**WHAT THE TASK REQUIRES:**
Restate word for word the lines below that run from the one holding "banner_services_txt" through the one holding "Blue Ridge Star", inclusive. Pictures don't belong in the copy.

**MATERIAL SHOWN:**
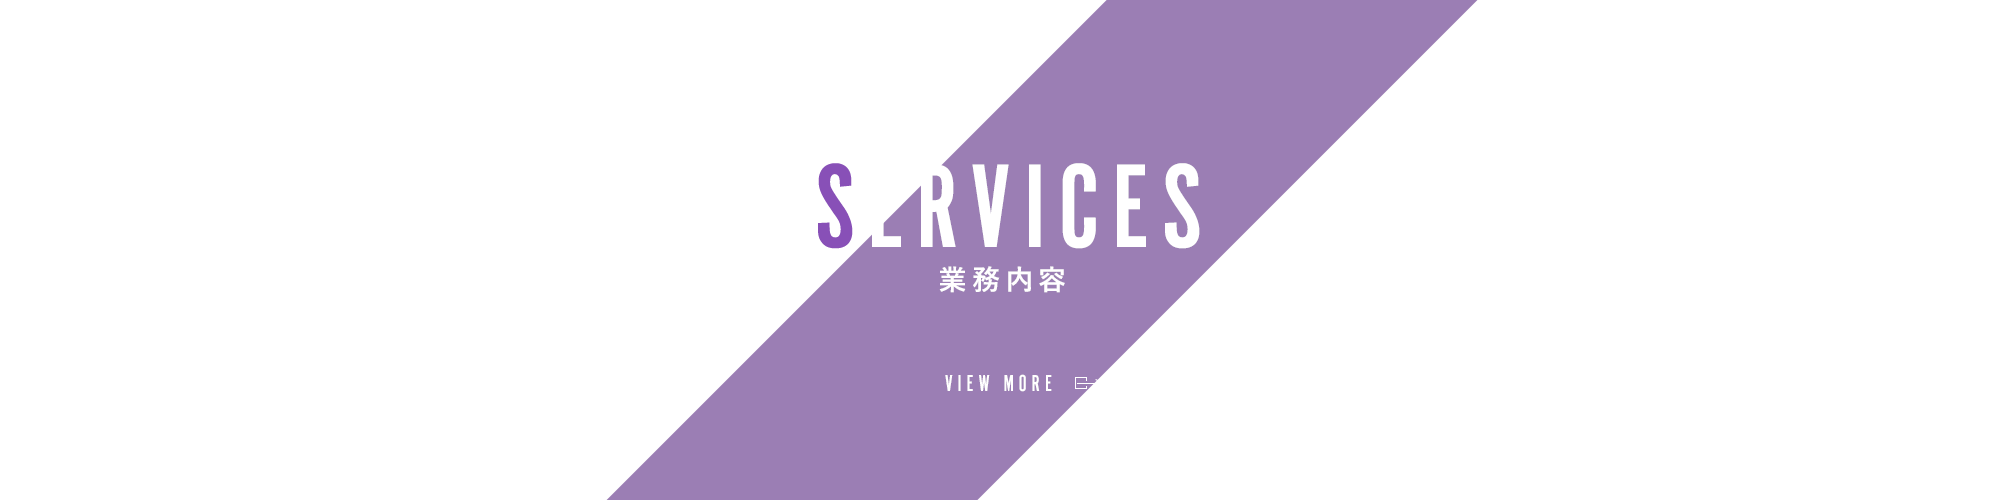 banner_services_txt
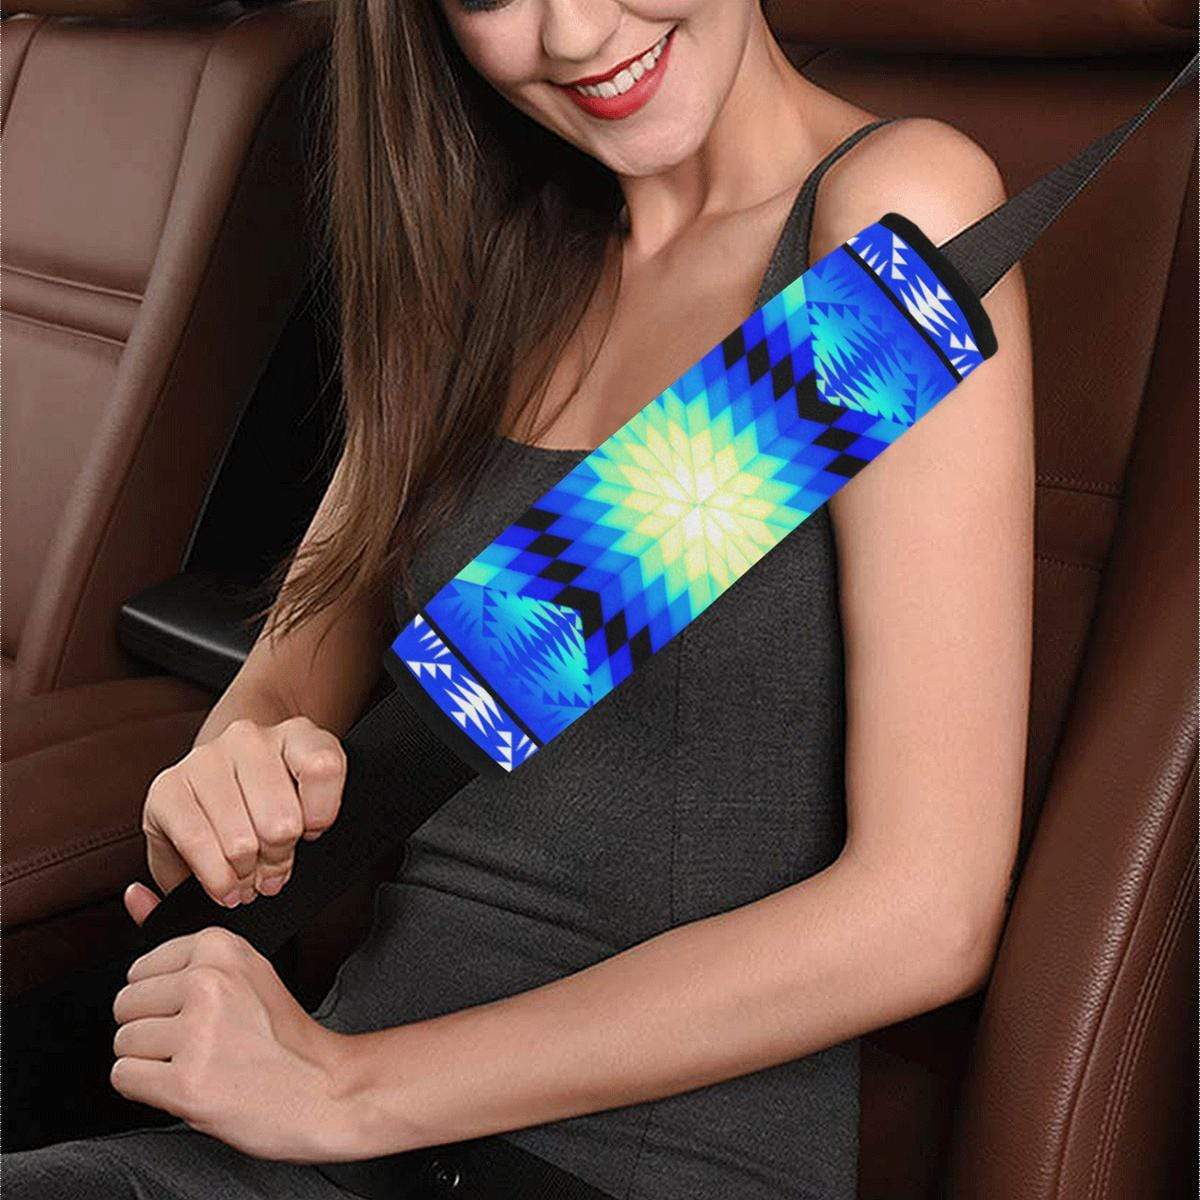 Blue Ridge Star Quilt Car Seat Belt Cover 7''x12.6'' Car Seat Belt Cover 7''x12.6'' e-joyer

...

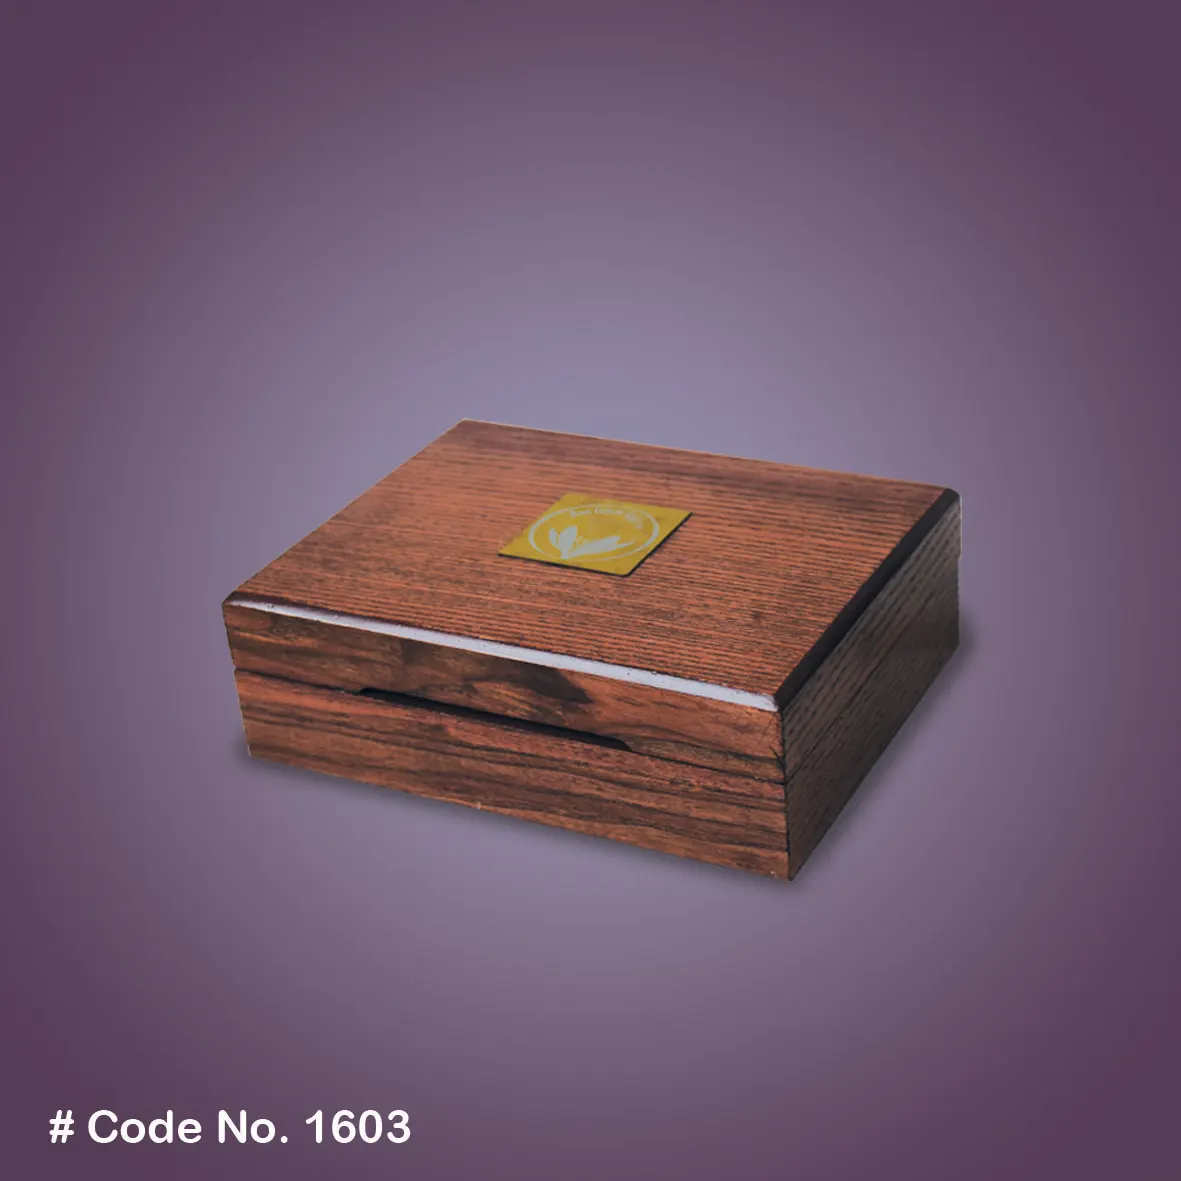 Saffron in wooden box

**ANSWER TO THIS EXERCISE:**
 banner_services_txt
 Blue Ridge Star Quilt Car Seat Belt Cover 7''x12.6'' Car Seat Belt Cover 7''x12.6'' e-joyer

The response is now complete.